• [Recorded data]:
_____

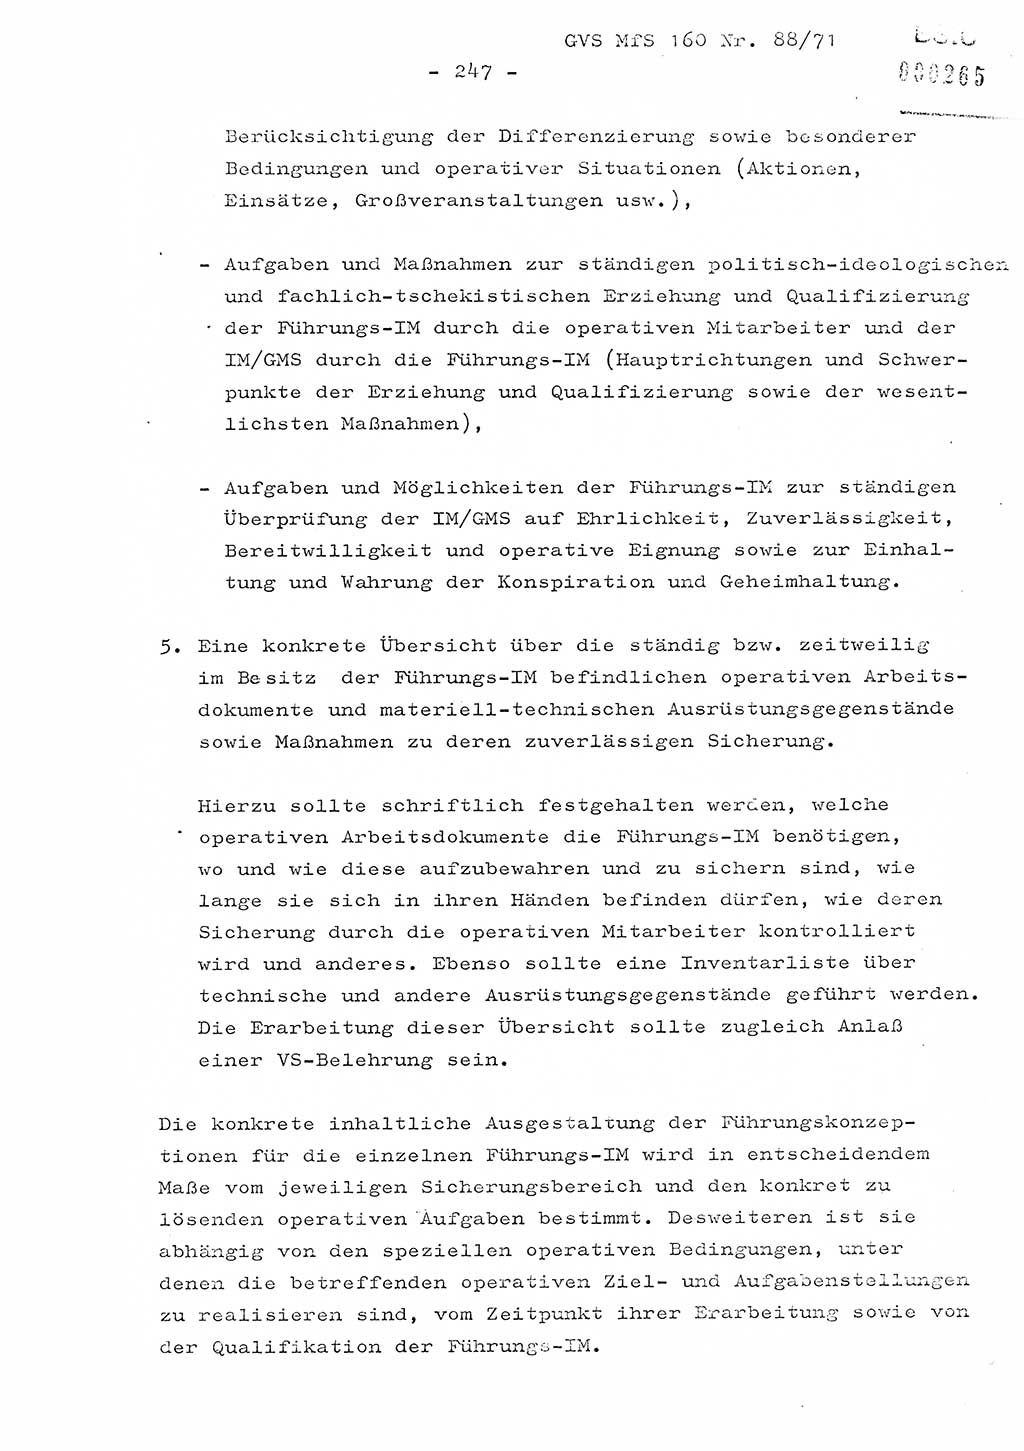 Dissertation Oberstleutnant Josef Schwarz (BV Schwerin), Major Fritz Amm (JHS), Hauptmann Peter Gräßler (JHS), Ministerium für Staatssicherheit (MfS) [Deutsche Demokratische Republik (DDR)], Juristische Hochschule (JHS), Geheime Verschlußsache (GVS) 160-88/71, Potsdam 1972, Seite 247 (Diss. MfS DDR JHS GVS 160-88/71 1972, S. 247)
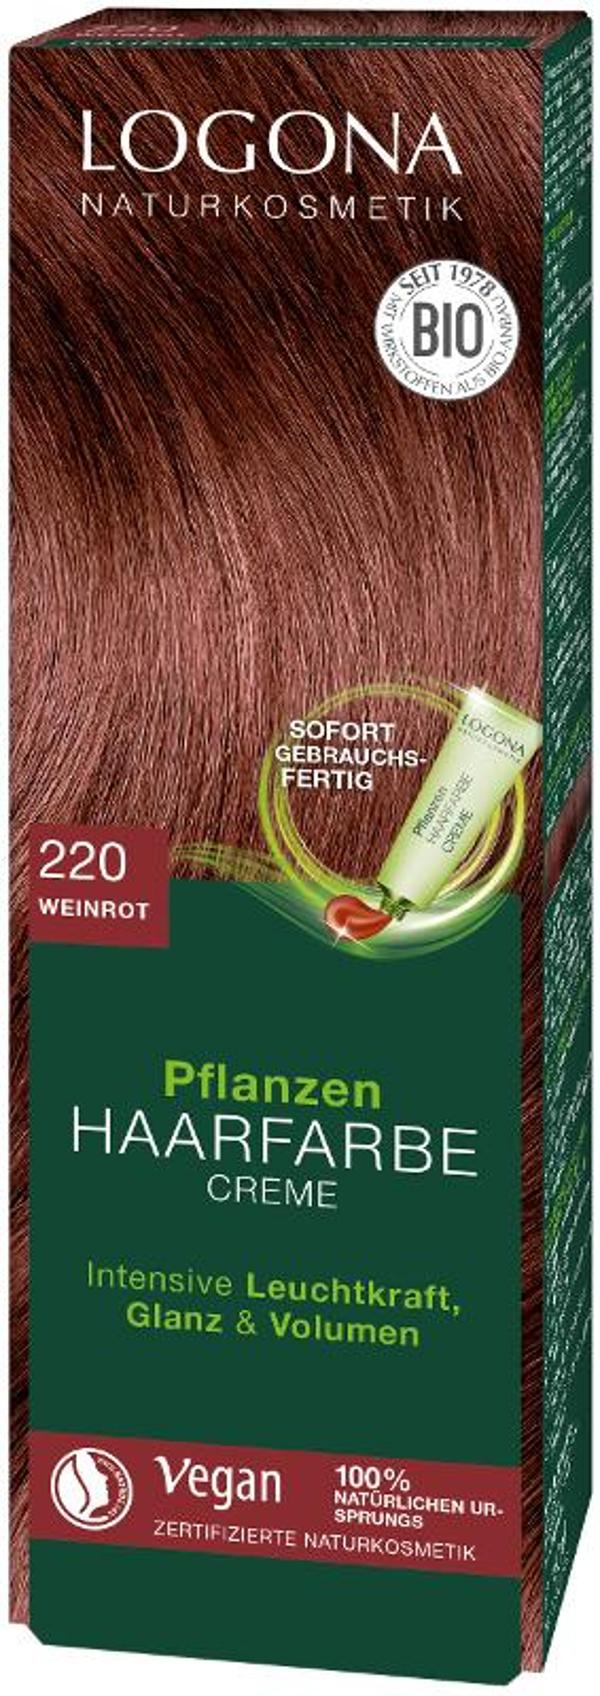 Produktfoto zu Pflanzen Haarfarbe Creme 220 weinrot 150ml
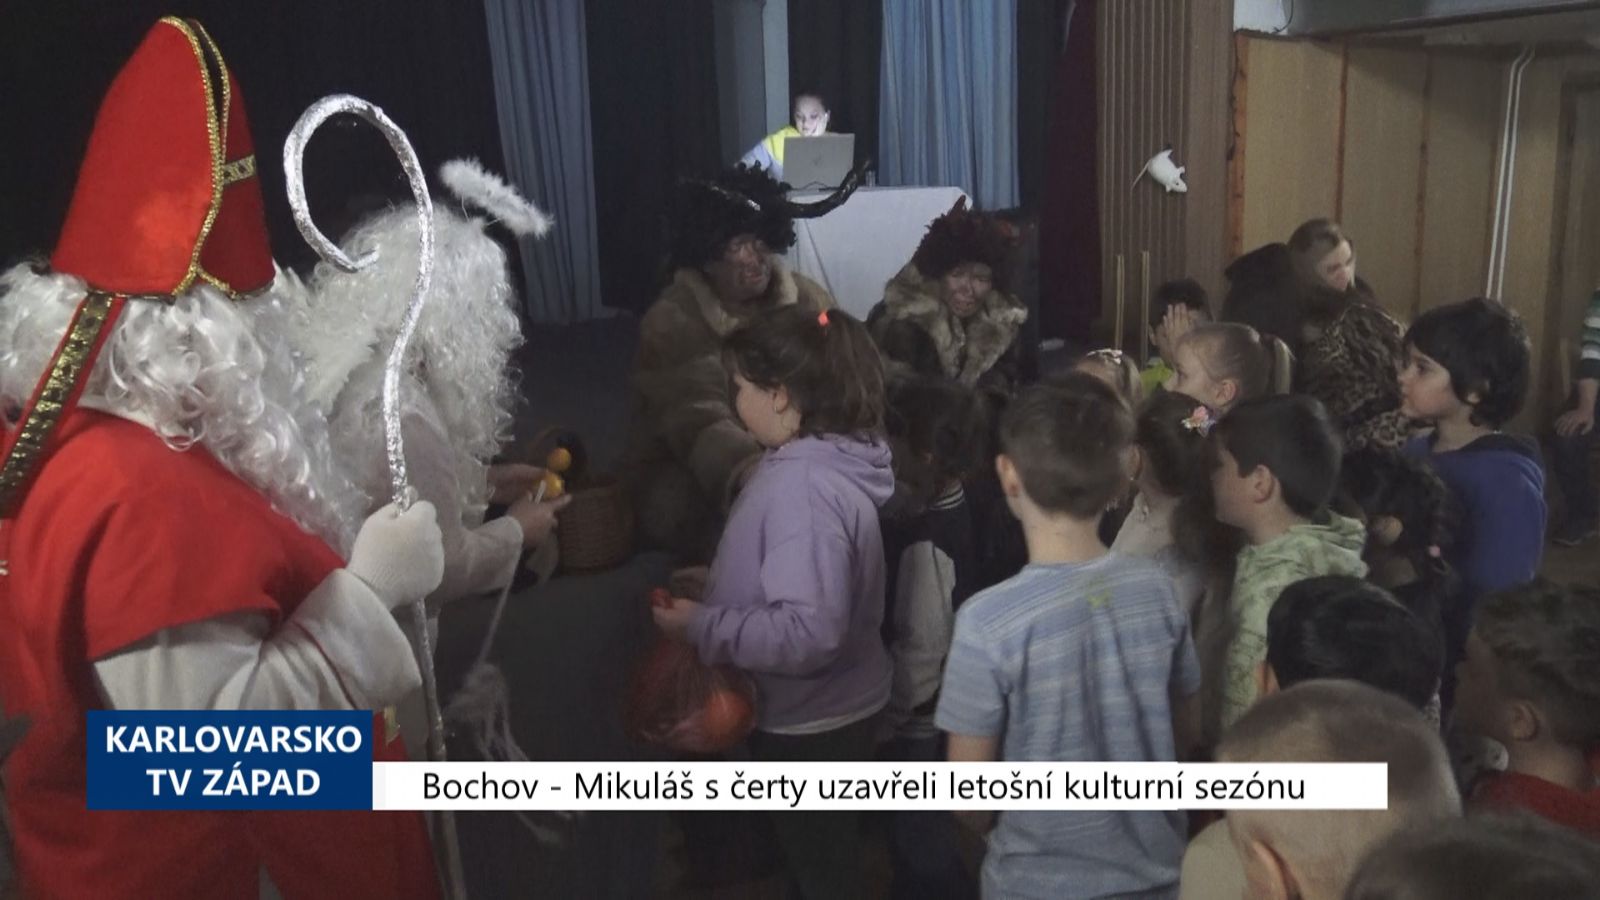 Bochov: Mikuláš s čerty uzavřeli letošní kulturní sezónu (TV Západ)
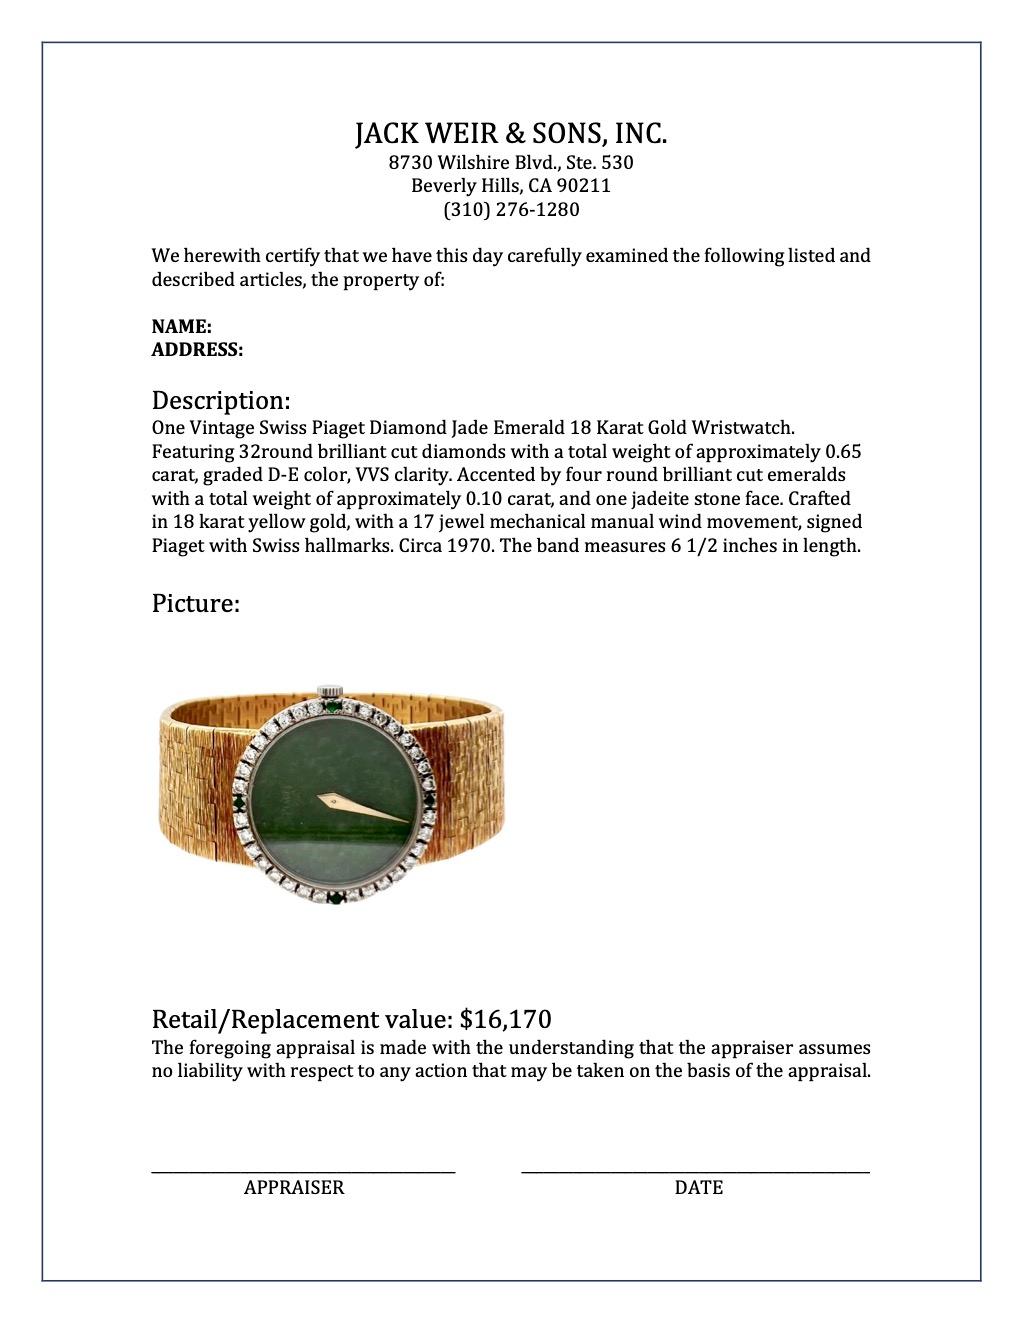 Vintage Swiss Piaget Diamond Jade Emerald 18 Karat Gold Wristwatch In Excellent Condition In Beverly Hills, CA

_____

• [What the exercise asks]: Only the lines from the first line of the data above through the line with "Produktfoto zu Pflanzen" should appear in the answer, retyped exactly, with every picture left out.

• [Solution]:
 Dissertation Oberstleutnant Josef Schwarz (BV Schwerin), Major Fritz Amm (JHS), Hauptmann Peter Gräßler (JHS), Ministerium für Staatssicherheit (MfS) [Deutsche Demokratische Republik (DDR)], Juristische Hochschule (JHS), Geheime Verschlußsache (GVS) 160-88/71, Potsdam 1972, Seite 247 (Diss. MfS DDR JHS GVS 160-88/71 1972, S. 247)
 Produktfoto zu Pflanzen Haarfarbe Creme 220 weinrot 150ml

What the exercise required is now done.